Nigeria Retain Position On FIFA Ranking

Nigeria’s Super Eagles retained their spot as the world’s 31st team in the World Football Ranking for the month of December.
In the ranking table on the website of world football governing body FIFA on Thursday, Nigeria have garnered 1,493 points, same as they had in the November ranking.
The ranking still helped the team retained the third spot on the continent, behind Senegal and Tunisia.
On the global scene, Belgium are the FIFA/Coca-Cola World Ranking’s Team of the Year for the second successive time after a record-breaking year on the global ladder.
The Red Devils have held on to top spot in a December table barely impacted by just 19 friendlies towards the end of the year.
It was a year in which 1,082 international “A” matches have been played, and that is an all-time high since the ranking’s inception in 1993.
World champions France remain in second place ahead of Brazil in third, the positions they held in December 2018.

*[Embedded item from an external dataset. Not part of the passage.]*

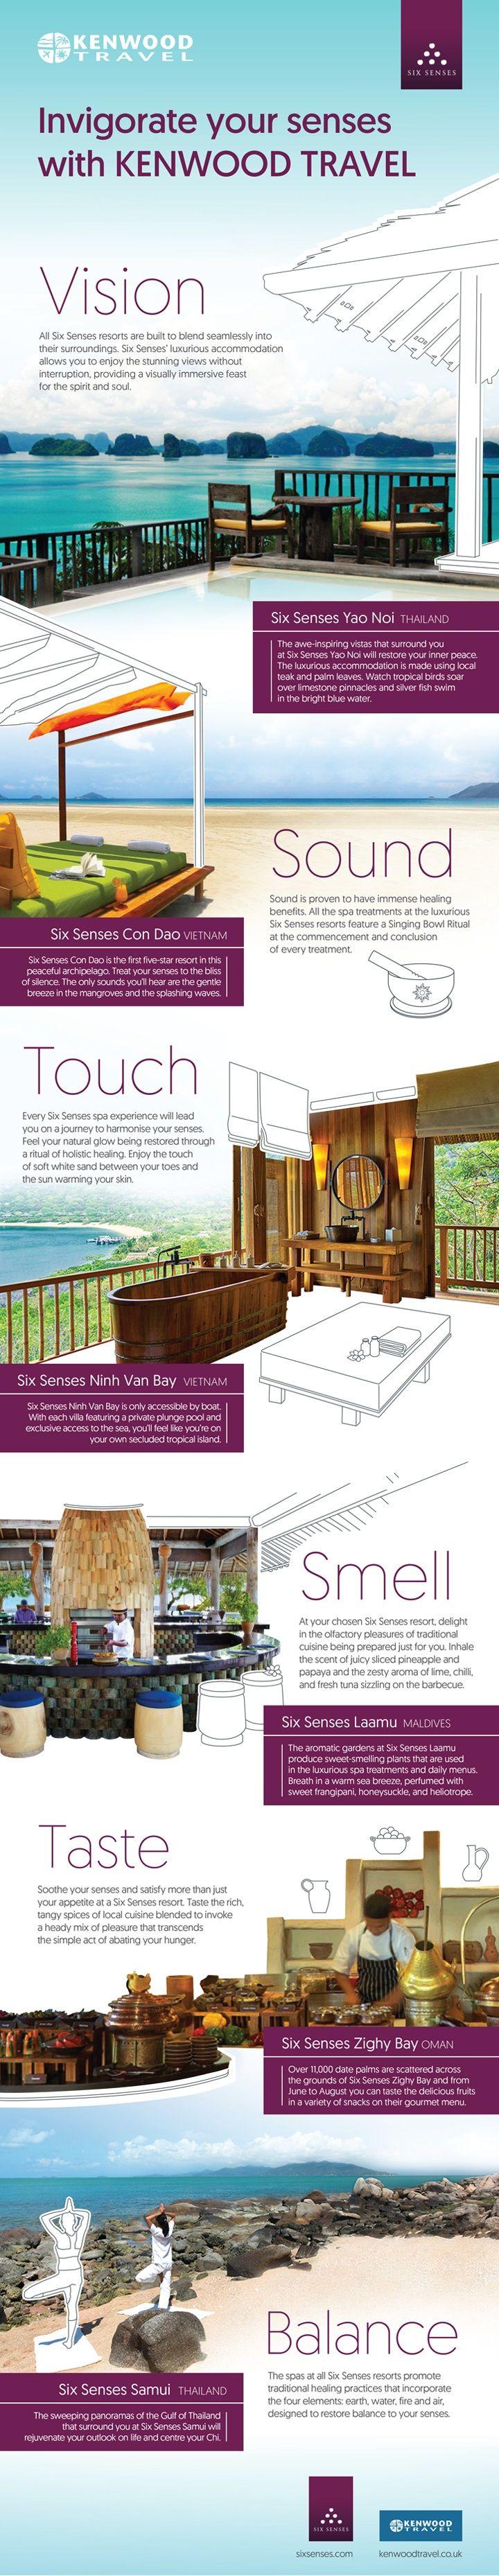 Invigorate your Senses with Kenwood Travel

However, the make-up of the year-end top five has changed.
England have climbed one place in 2019 to end the year in fourth, with Uruguay moving up to fifth on the back of a two-spot rise.
Argentina (9th) and Colombia (10th) are also in the top 10 at the expense of Switzerland (12th) and Denmark (16th).
Both have slipped four and six places respectively over the course of the year.
The ranking’s Mover of the Year, meanwhile, are Qatar who gained an impressive 138 points over the course of the year.
The FIFA World Cup 2022 hosts won the AFC Asian Cup and made a strong start to the Asian Zone World Cup qualifiers.
Besides accumulating the biggest points haul, Qatar have also jumped a year-high 38 places, followed closely by fellow climbers Algeria (up 32 ranks) and Japan (up 22 ranks).
Given the teams who have made the most progress in 2019, it is no surprise to find that the regional composition of the top 50 has changed over the year.
Along with this is the fact that Europe’s dominance has diminished.
UEFA has lost three places in the top 50 compared to the end of 2018, and now has 28 teams.
Whereas, Concacaf (4), the AFC (4) and CAF (4) have all gained one spot apiece.
But in spite of all the changes witnessed over 2019, the year has ended on a quiet note.
It has witnessed only the most modest of movements due to the scarcity of fixtures since the ranking’s November edition.
Nonetheless, eight teams have all edged a single rung up the ladder, and will hope to continue that progress in 2020.
These are Bahrain (99th), Bolivia (75th), Korea Republic (40th), Lesotho (139th), the Solomon Islands (141st), South Africa (71st), St Kitts and Nevis (139th) and Suriname (141st).